In a Friday voice vote, the House Appropriations Energy & Water Subcommittee advanced to the full committee a Department of Energy budget bill that proposes more than $8.3 billion for the agency’s Office of Environmental Management, down about $160 million from this year.
The 2025 spending bill was reported to the full House Appropriations Committee on a motion by Rep. Mike Simpson (R-Idaho). The measure advanced out of committee following a meeting of about 30 minutes in which senior Democrats called the GOP-backed measure overly partisan and criticized cuts, mostly in areas unrelated to DOE nuclear-weapons programs.
Released Thursday ahead of the subcommittee vote, the bill would give DOE’s nuclear cleanup branch about $100 million more than what President Joe Biden’s (D) administration sought.
That includes about $7.13 billion for Defense Environmental Cleanup, the largest tranche of funds in the Environmental Management budget, down a little from the nearly $7.3 billion appropriated for fiscal 2024 but more than the $7.1 billion requested by the White House.
For Non-Defense Environmental Cleanup, there is $324 million, again coming in less than the $342-million appropriation in 2024 but more than the $315 million sought by the White House.
The Uranium Enrichment Decontamination and Decommissioning Fund would receive $864 million, more than $7 million above the fiscal 2024 level and the administration request.
Rep.
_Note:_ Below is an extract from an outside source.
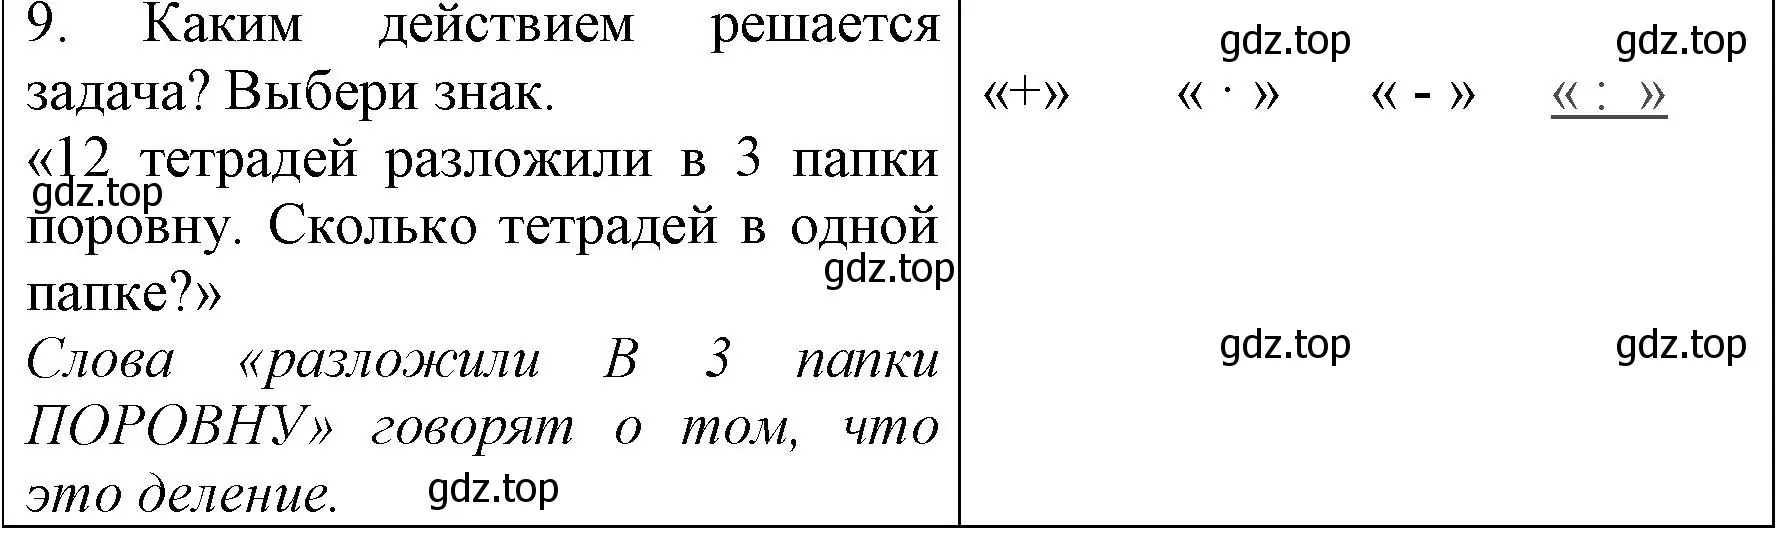 Решение номер 9 (страница 30) гдз по математике 3 класс Моро, Бантова, учебник 1 часть

Chuck Fleischmann (R-Tenn.), chair of the energy and water subcommittee, lauded the proposal.
“I’m proud that the Fiscal Year 2025 Energy and Water Development appropriations bill continues to build off the work of our FY24 bill to strengthen America’s strategic nuclear stockpile, revitalize our ability to enrich uranium domestically, invest in our long-term energy security, and maintain our country’s ports and inland waterways,” Fleischmann said in the Thursday committee press release.
The bill would also provide about $25.5-billion for the National Nuclear Security Administration, which is $1.3 billion above the fiscal enacted level, the subcommittee said.
“The bill prioritizes nuclear weapons activities, fully funding all major stockpile modernization activities” and provides more funds for plutonium pit production, Fleischmann said.
Alluding to the bill’s increased funding for DOE’s advanced reactors program, Fleischmann also said that when it comes to nuclear energy, “we cannot seed leadership on nuclear energy to China and Russia.”